====== Supplied data

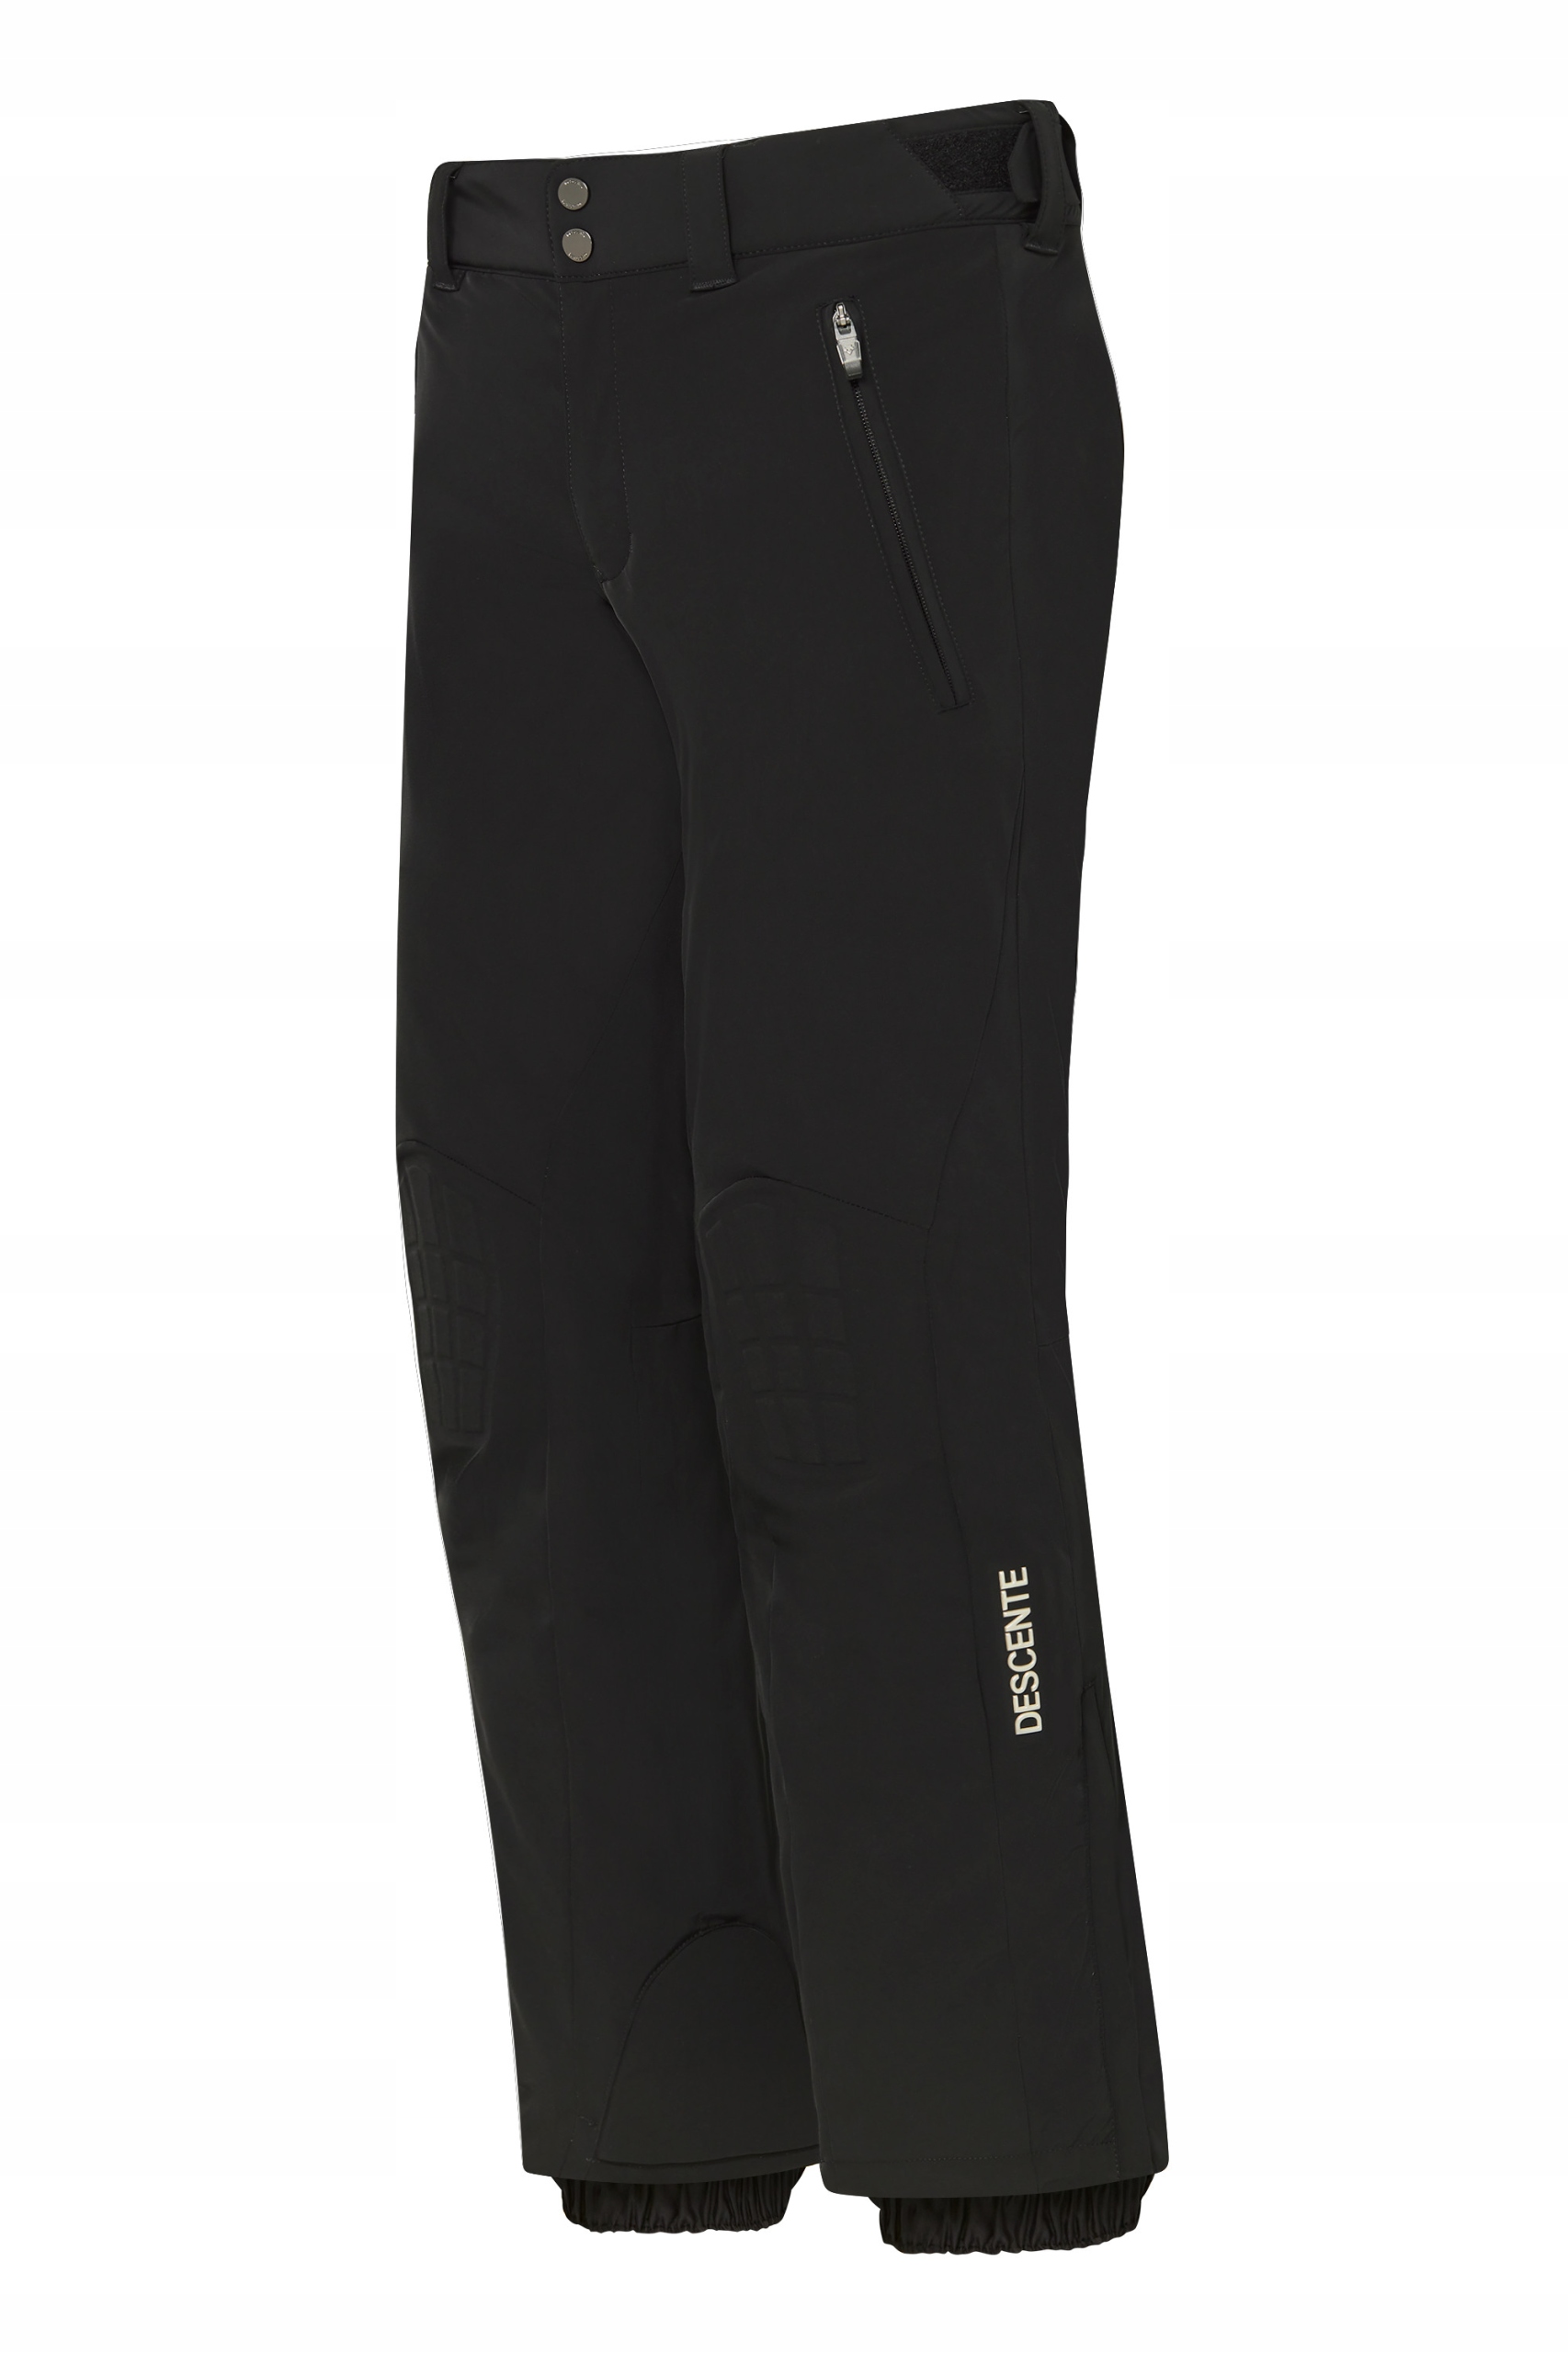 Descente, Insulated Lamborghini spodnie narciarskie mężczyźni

============
====== Supplied data

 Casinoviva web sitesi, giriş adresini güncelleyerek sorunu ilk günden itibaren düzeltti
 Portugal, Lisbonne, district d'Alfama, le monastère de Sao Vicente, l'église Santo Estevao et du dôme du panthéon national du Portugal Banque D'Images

============

Please give an exact copy of the lines above, beginning with the line containing "Casinoviva web sitesi, giriş" and running through the line containing "Portugal, Lisbonne, district", and of no other lines.

Answer to this problem:
 Casinoviva web sitesi, giriş adresini güncelleyerek sorunu ilk günden itibaren düzeltti
 Portugal, Lisbonne, district d'Alfama, le monastère de Sao Vicente, l'église Santo Estevao et du dôme du panthéon national du Portugal Banque D'Images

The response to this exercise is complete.